All of the data below should be written out again exactly.
[Opening DATA SECTION section]
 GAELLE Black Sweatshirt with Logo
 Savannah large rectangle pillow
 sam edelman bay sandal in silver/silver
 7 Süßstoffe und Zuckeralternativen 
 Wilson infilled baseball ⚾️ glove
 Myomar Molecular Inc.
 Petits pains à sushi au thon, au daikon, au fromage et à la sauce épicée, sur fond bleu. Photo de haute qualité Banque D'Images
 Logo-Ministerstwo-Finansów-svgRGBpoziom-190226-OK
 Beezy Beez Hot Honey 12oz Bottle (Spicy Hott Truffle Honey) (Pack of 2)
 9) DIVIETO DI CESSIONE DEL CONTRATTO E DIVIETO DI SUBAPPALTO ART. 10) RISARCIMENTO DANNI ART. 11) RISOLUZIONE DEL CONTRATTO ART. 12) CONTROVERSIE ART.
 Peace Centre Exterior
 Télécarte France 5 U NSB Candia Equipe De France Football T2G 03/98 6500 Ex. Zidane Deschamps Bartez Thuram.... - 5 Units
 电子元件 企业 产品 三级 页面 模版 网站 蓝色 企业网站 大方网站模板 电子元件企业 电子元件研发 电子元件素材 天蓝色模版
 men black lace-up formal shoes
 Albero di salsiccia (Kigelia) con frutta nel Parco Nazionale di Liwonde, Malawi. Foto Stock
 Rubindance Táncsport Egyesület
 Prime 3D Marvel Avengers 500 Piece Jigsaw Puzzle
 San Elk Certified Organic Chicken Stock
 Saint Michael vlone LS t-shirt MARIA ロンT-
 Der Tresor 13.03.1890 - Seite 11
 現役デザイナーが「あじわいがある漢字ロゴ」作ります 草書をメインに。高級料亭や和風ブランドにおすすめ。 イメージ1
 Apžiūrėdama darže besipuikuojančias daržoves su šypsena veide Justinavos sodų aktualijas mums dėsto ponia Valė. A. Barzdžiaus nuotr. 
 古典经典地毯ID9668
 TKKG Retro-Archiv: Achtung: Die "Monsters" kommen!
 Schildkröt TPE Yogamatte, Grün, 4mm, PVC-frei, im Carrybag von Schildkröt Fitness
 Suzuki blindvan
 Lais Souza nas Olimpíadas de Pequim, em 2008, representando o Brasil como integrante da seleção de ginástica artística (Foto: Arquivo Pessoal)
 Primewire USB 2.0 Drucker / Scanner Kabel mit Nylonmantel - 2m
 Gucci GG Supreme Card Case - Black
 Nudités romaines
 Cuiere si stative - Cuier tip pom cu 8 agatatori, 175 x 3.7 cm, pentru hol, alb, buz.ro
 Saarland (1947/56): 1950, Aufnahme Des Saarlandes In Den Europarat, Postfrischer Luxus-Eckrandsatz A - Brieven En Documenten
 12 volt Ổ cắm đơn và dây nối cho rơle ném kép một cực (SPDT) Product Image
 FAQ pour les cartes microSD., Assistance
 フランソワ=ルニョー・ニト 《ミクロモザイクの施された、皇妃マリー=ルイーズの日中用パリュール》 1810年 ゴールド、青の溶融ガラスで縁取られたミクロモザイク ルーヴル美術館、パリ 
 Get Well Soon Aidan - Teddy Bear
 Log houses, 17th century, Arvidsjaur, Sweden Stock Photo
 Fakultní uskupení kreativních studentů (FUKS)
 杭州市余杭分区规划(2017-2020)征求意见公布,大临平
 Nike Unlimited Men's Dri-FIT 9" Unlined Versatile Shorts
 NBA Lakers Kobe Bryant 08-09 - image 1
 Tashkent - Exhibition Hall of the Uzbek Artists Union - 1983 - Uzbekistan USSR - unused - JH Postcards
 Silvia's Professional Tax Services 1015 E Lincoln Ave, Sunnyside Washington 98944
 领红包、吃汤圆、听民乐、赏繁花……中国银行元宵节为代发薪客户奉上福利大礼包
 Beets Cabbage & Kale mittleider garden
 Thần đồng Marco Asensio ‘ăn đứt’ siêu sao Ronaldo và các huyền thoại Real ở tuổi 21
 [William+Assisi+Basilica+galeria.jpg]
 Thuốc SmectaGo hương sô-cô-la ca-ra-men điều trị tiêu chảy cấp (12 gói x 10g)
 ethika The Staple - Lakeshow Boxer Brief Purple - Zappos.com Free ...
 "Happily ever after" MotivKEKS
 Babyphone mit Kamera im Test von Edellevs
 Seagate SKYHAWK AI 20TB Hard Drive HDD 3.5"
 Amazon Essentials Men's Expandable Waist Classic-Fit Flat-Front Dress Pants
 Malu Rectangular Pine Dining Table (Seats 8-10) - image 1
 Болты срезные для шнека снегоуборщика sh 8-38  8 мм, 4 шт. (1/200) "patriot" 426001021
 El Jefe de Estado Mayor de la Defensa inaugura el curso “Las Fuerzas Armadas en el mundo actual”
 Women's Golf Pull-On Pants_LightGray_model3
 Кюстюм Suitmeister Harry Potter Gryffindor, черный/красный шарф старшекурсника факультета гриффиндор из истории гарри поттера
[Closing DATA SECTION section]
TASK RESULT:
 GAELLE Black Sweatshirt with Logo
 Savannah large rectangle pillow
 sam edelman bay sandal in silver/silver
 7 Süßstoffe und Zuckeralternativen 
 Wilson infilled baseball ⚾️ glove
 Myomar Molecular Inc.
 Petits pains à sushi au thon, au daikon, au fromage et à la sauce épicée, sur fond bleu. Photo de haute qualité Banque D'Images
 Logo-Ministerstwo-Finansów-svgRGBpoziom-190226-OK
 Beezy Beez Hot Honey 12oz Bottle (Spicy Hott Truffle Honey) (Pack of 2)
 9) DIVIETO DI CESSIONE DEL CONTRATTO E DIVIETO DI SUBAPPALTO ART. 10) RISARCIMENTO DANNI ART. 11) RISOLUZIONE DEL CONTRATTO ART. 12) CONTROVERSIE ART.
 Peace Centre Exterior
 Télécarte France 5 U NSB Candia Equipe De France Football T2G 03/98 6500 Ex. Zidane Deschamps Bartez Thuram.... - 5 Units
 电子元件 企业 产品 三级 页面 模版 网站 蓝色 企业网站 大方网站模板 电子元件企业 电子元件研发 电子元件素材 天蓝色模版
 men black lace-up formal shoes
 Albero di salsiccia (Kigelia) con frutta nel Parco Nazionale di Liwonde, Malawi. Foto Stock
 Rubindance Táncsport Egyesület
 Prime 3D Marvel Avengers 500 Piece Jigsaw Puzzle
 San Elk Certified Organic Chicken Stock
 Saint Michael vlone LS t-shirt MARIA ロンT-
 Der Tresor 13.03.1890 - Seite 11
 現役デザイナーが「あじわいがある漢字ロゴ」作ります 草書をメインに。高級料亭や和風ブランドにおすすめ。 イメージ1
 Apžiūrėdama darže besipuikuojančias daržoves su šypsena veide Justinavos sodų aktualijas mums dėsto ponia Valė. A. Barzdžiaus nuotr. 
 古典经典地毯ID9668
 TKKG Retro-Archiv: Achtung: Die "Monsters" kommen!
 Schildkröt TPE Yogamatte, Grün, 4mm, PVC-frei, im Carrybag von Schildkröt Fitness
 Suzuki blindvan
 Lais Souza nas Olimpíadas de Pequim, em 2008, representando o Brasil como integrante da seleção de ginástica artística (Foto: Arquivo Pessoal)
 Primewire USB 2.0 Drucker / Scanner Kabel mit Nylonmantel - 2m
 Gucci GG Supreme Card Case - Black
 Nudités romaines
 Cuiere si stative - Cuier tip pom cu 8 agatatori, 175 x 3.7 cm, pentru hol, alb, buz.ro
 Saarland (1947/56): 1950, Aufnahme Des Saarlandes In Den Europarat, Postfrischer Luxus-Eckrandsatz A - Brieven En Documenten
 12 volt Ổ cắm đơn và dây nối cho rơle ném kép một cực (SPDT) Product Image
 FAQ pour les cartes microSD., Assistance
 フランソワ=ルニョー・ニト 《ミクロモザイクの施された、皇妃マリー=ルイーズの日中用パリュール》 1810年 ゴールド、青の溶融ガラスで縁取られたミクロモザイク ルーヴル美術館、パリ 
 Get Well Soon Aidan - Teddy Bear
 Log houses, 17th century, Arvidsjaur, Sweden Stock Photo
 Fakultní uskupení kreativních studentů (FUKS)
 杭州市余杭分区规划(2017-2020)征求意见公布,大临平
 Nike Unlimited Men's Dri-FIT 9" Unlined Versatile Shorts
 NBA Lakers Kobe Bryant 08-09 - image 1
 Tashkent - Exhibition Hall of the Uzbek Artists Union - 1983 - Uzbekistan USSR - unused - JH Postcards
 Silvia's Professional Tax Services 1015 E Lincoln Ave, Sunnyside Washington 98944
 领红包、吃汤圆、听民乐、赏繁花……中国银行元宵节为代发薪客户奉上福利大礼包
 Beets Cabbage & Kale mittleider garden
 Thần đồng Marco Asensio ‘ăn đứt’ siêu sao Ronaldo và các huyền thoại Real ở tuổi 21
 [William+Assisi+Basilica+galeria.jpg]
 Thuốc SmectaGo hương sô-cô-la ca-ra-men điều trị tiêu chảy cấp (12 gói x 10g)
 ethika The Staple - Lakeshow Boxer Brief Purple - Zappos.com Free ...
 "Happily ever after" MotivKEKS
 Babyphone mit Kamera im Test von Edellevs
 Seagate SKYHAWK AI 20TB Hard Drive HDD 3.5"
 Amazon Essentials Men's Expandable Waist Classic-Fit Flat-Front Dress Pants
 Malu Rectangular Pine Dining Table (Seats 8-10) - image 1
 Болты срезные для шнека снегоуборщика sh 8-38  8 мм, 4 шт. (1/200) "patriot" 426001021
 El Jefe de Estado Mayor de la Defensa inaugura el curso “Las Fuerzas Armadas en el mundo actual”
 Women's Golf Pull-On Pants_LightGray_model3
 Кюстюм Suitmeister Harry Potter Gryffindor, черный/красный шарф старшекурсника факультета гриффиндор из истории гарри поттера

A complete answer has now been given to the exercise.